A retrospective cohort study from the Danish registry of COPD by Bagge et al (2021) examined outcomes following patients redeeming prescriptions for amoxycillin (AMX) or amoxycillin clavulanic acid (AMC) for presumed community exacerbations of COPD. They found pneumonia hospitalisation or death by all cause after 30 days was decreased with AMX compared to AMC (adjusted HR 0.6, 95% CI 0.5-0.7, p<.0001). This was also observed for all cause hospitalisation or death (aHR 0.8, 95% CI 0.8-0.9, p<0.0001). Although confounding by severity is not excluded, the findings of this study support the recommendation broad -spectrum antibiotics such as AMC should not be the drug of first choice for outpatient exacerbations of COPD (Bagge 2021) [evidence level III-2].

If pneumonia, Pseudomonas, Staphylococcus, or resistant organisms are suspected, appropriate antibiotics should be used.

Typically, a course of antibiotics should be five days. A systematic review and meta-analysis by Llor et al (2022) including only patients with spirometrically-proven COPD (n=eight trials) concluded that there were no significant differences in clinical cure rates or bacterial eradication rates of short courses of antibiotics (≤5 days) compared with longer courses (≥6 days).

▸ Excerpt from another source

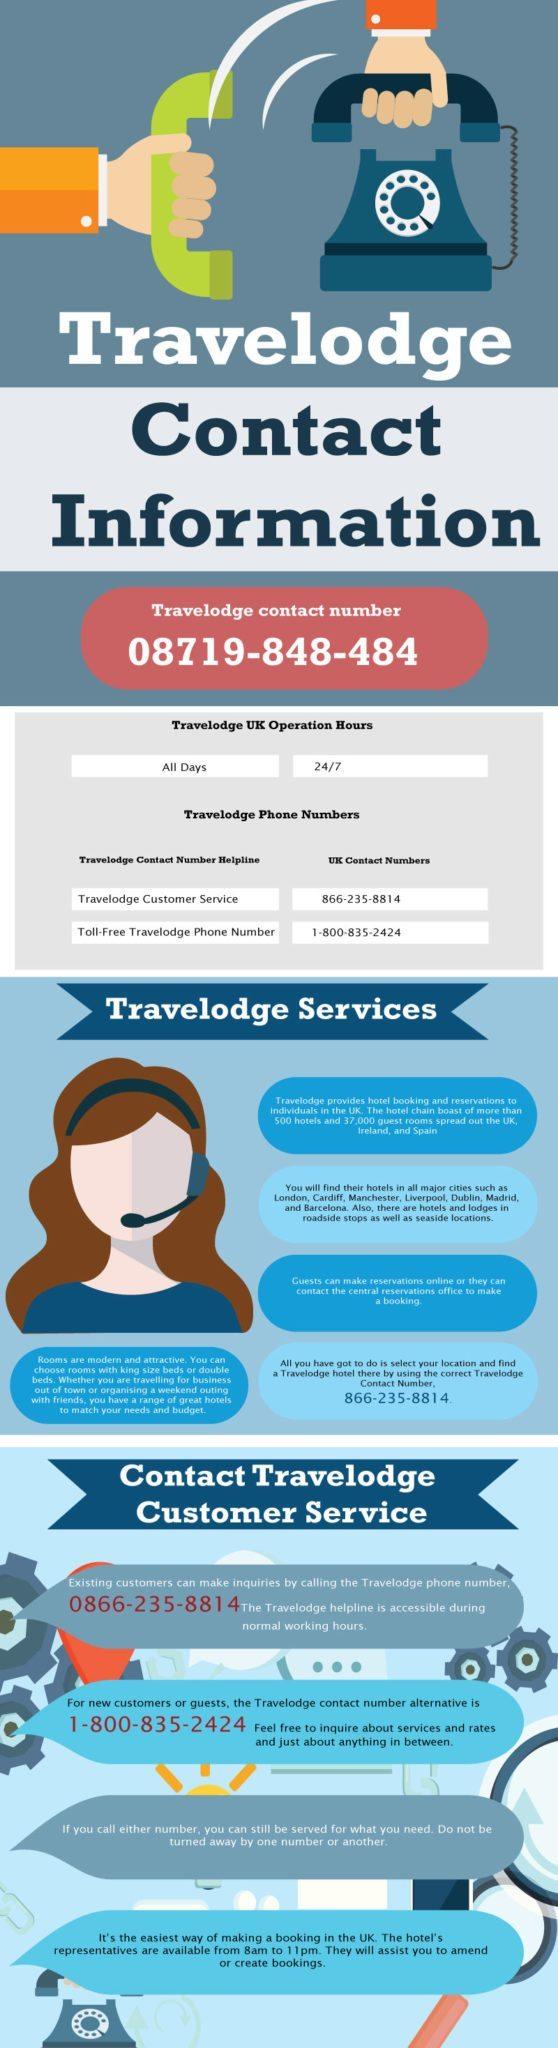 Travelodge Customer Service
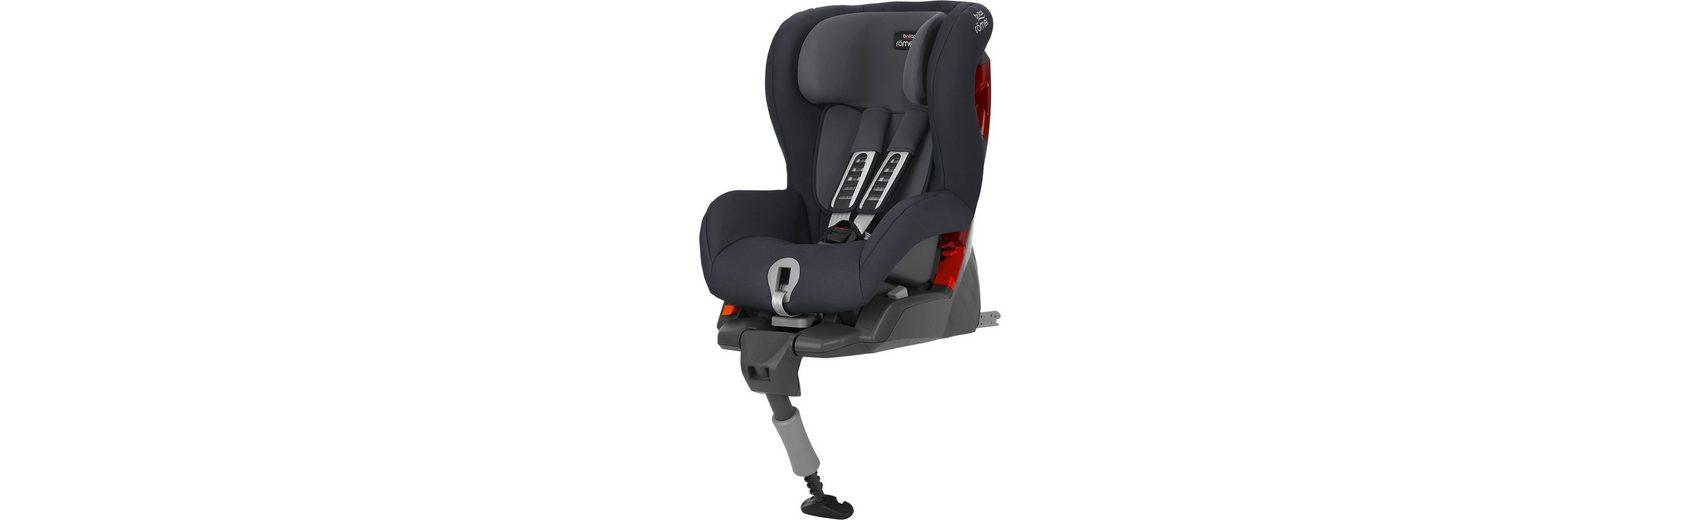 Britax Römer Auto-Kindersitz Safefix Plus, Storm Grey, 2017

Nonetheless, the majority of studies included fluroquinolones as first line therapy, which is not common practice in Australia, raising questions about the face validity of this study [evidence level I] (Llor 2022). A historical population-based cohort study found that co-treatment of an exacerbation with oral corticosteroids and oral antibiotics significantly increased the time to subsequent exacerbations (median 312 versus 418 days, p<0.001 to next compared to oral corticosteroids alone) (Roede 2008)[evidence level III-2].

Two Australian retrospective case series of hospitalised COPD patients have found that antibiotic treatment was guideline concordant in less than 15% of cases (Brownridge 2017, Fanning 2014). This was due to over-use of intravenous antibiotics and prescription of dual antibiotics. Further efforts are needed to increase adherence to the use of oral antibiotics in patients hospitalised with exacerbations of COPD, where appropriate.

Radiologically proven pneumonia in patients with COPD, especially in those who have been frequently hospitalised, may not be restricted to the above organisms. Gram-negative organisms, Legionella spp. and even anaerobic organisms may be responsible. Initial empiric antibiotic therapy should be tailored according to clinical and radiographic criteria.

X.2.2.4 Combined systemic corticosteroids and antibiotics for treatment of exacerbation

A randomised placebo controlled trial (Daniels 2010) has provided evidence to support the traditional practice of treating exacerbations with a combination of systemic corticosteroids and antibiotics.  In this study, hospitalised patients were commenced on a tapering dose of prednisolone and randomised to receive doxycycline 200mg daily or placebo for 7 days.  Clinical cure, defined as complete resolution of signs and symptoms, at day 10 was significantly higher in the antibiotic treated group compared to placebo (OR 1.9, 95% CI 1.2 to 3.2, NNT = 7, 95% CI 4 to 523).  By day 30, the primary end point, there was no significant difference in clinical cure. Serious adverse effects occurred in 9% of the doxycycline group (7 deaths) and 5% of the placebo group (3 deaths).  Medication adverse events were similar between groups, 3% in the doxycycline group and 4% in the placebo.